━━ Supplied data

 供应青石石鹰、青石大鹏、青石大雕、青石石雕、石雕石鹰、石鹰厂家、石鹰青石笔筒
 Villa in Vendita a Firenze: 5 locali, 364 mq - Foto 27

━━━━
━━ Supplied data

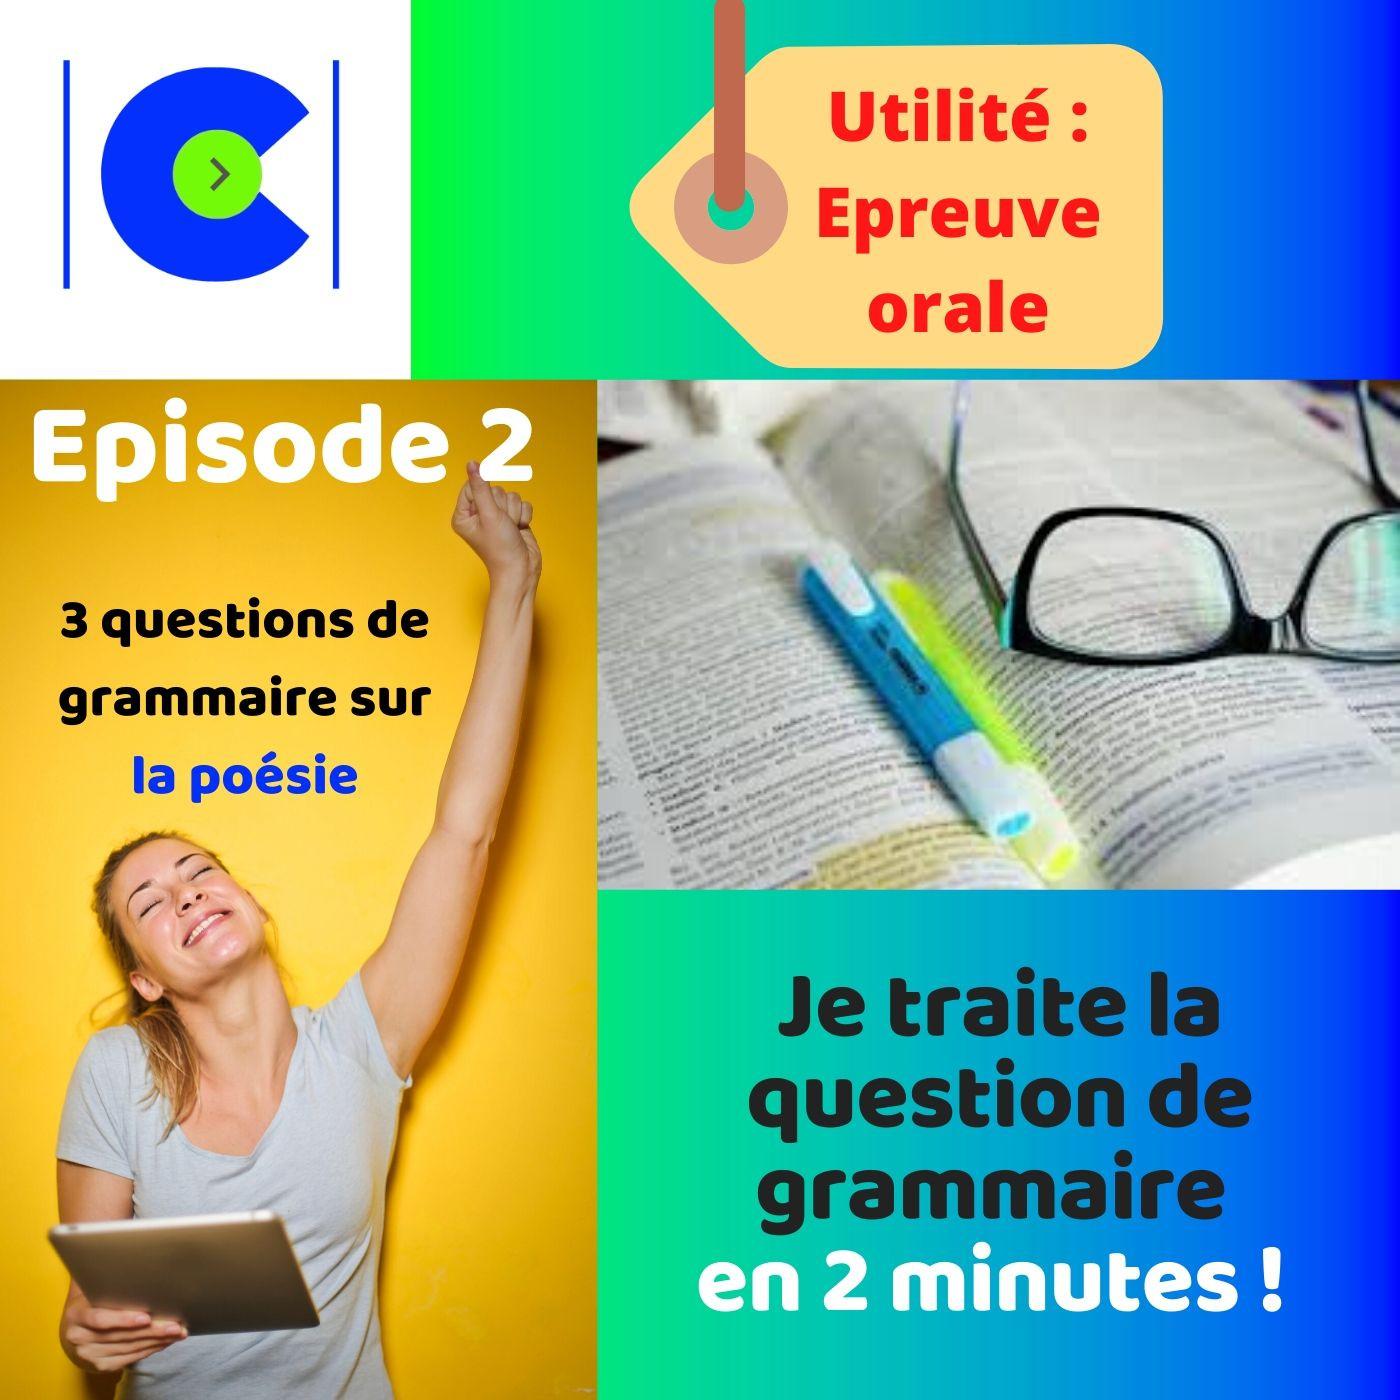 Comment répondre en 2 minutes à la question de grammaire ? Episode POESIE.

━━━━

Give back exactly the lines above starting at the line where "供应青石石鹰、青石大鹏、青石大雕、青石石雕、石雕石鹰、石鹰厂家、石鹰青石笔筒" appears and ending at the line where "Villa in Vendita" appears, both included, with no other lines.

## Your response:
 供应青石石鹰、青石大鹏、青石大雕、青石石雕、石雕石鹰、石鹰厂家、石鹰青石笔筒
 Villa in Vendita a Firenze: 5 locali, 364 mq - Foto 27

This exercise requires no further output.